( here she is the poor, pitiful dear just fallen asleep after her fall, thank you Jesus for Tylenol! )
Just after we'd gotten home to David with our x-ray picture proof of A's broken wrist, we were happily cleaning out the van together, so thankful to be together as a family once again, when out of the blue and for no obvious reason we had the scare of our lives with Lucy. She started to fuss and we thought she was going to throw up when she went into what we now believe may have been a non febrile seizure. Including, complete loss of color, as her eyes rolled back in her head, and she was taking only really shallow breaths, and not responding, as she went completely limp and lethargic in my arms. I would like to say that I kept my composure in those excruciatingly long minutes but that would be a lie. I lost it right then and there and quite literally cried out to Jesus in desperation to please help my baby, save my baby, to not take my baby. And thank God that David was there. David called 911. Those 7 minutes felt like an eternity. By the time the ambulance pulled up to our house, she was starting to regain her color and was beginning to respond again. When they checked, her vitals were all perfect. And it was over as quickly as it came. I felt like I'd been holding my own breath the whole time it seemed she was holding hers. The EMT's were so nice and didn't even look at us like we were completely nuts, as I rocked in my arms our once again perfectly healthy toddler in my arms. And later sobbed in relief that it was over and she is fine. Because thanks be to God, she hasn't skipped a beat since then. Our Dr. said that hopefully this was a completely isolated, once in a lifetime incident for her. And as long as it never happens again, he didn't feel the need to do any further testing. I have relived those terrifying minutes so many times in the past few days. And I cannot stop thanking Jesus tonight for the indescribably beautiful life of my little Lucy Wren girl. She is such a gift to all us. It brings me such joy to get to be her Mama . She truly lights up our world, just like her name means...She's sunshine on a cloudy day and as the song that we sing to her and call "her song" and that she love to hum back to us says...

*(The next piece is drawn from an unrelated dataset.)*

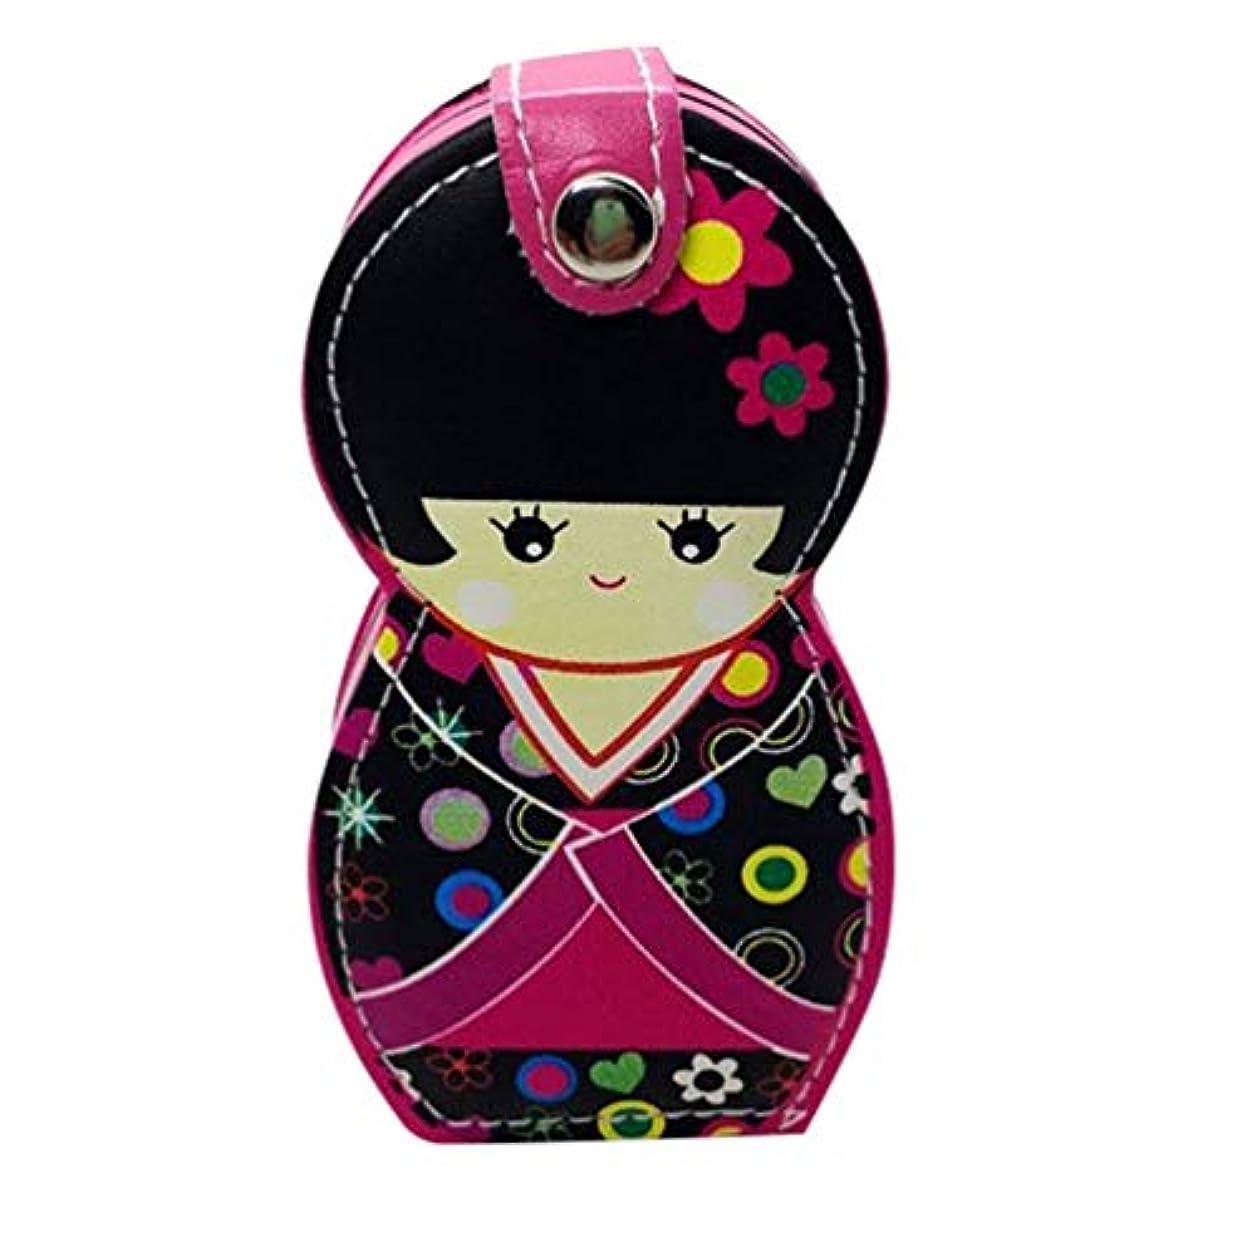 お客様近くフィードバックHongma ネイルケアセット マニキュアセット 可愛い 日本人形 ロシア人形 グルーミングキット 爪やすり 爪切りセット 携帯便利 収納ケース付き (日本人形ピンク)
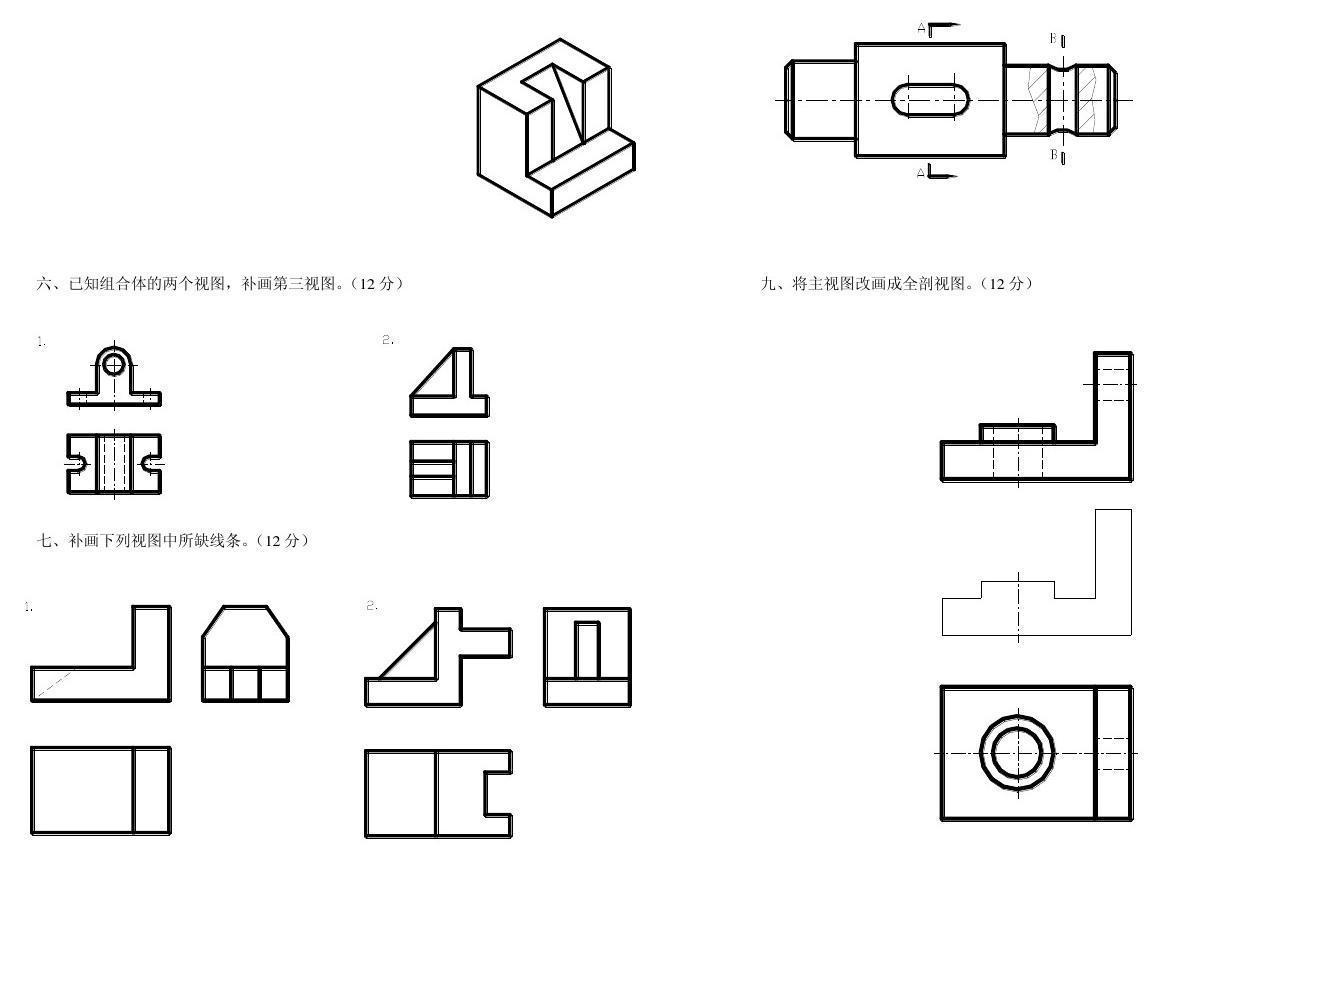 《机械制图》试卷 10 (1)答案图片

Look at all the angels watching you
They’re singing songs that we have never heard
Their voices ring like bells over the mountains
Oh, if only we could hear their words
God is near, little girl.
Your eyes are brilliant,deep sky blue.
Your quiet wisdom is an evening song.
The angels must be breathless at your beauty
Like the world catches its breath before the dawn.
God is near, little one.
And Jesus bends to hear you breathe;
His tender hands are holding you tonight.
His heart is ravished when you look at Him,
and oh, the endless mercy in His eyes;
God is here, little light.
Little Light, by Audrey Assad
Oh for a heart to savor every day even...no, especially the brutally hard ones.
Oh for a heart that trusts and is surrendered.
Oh for the patience to be the tender Mama that I know I am called to be.
Oh for the eyes to see, and too not take for granted the gift of these days, and the almost four treasures that I call my own.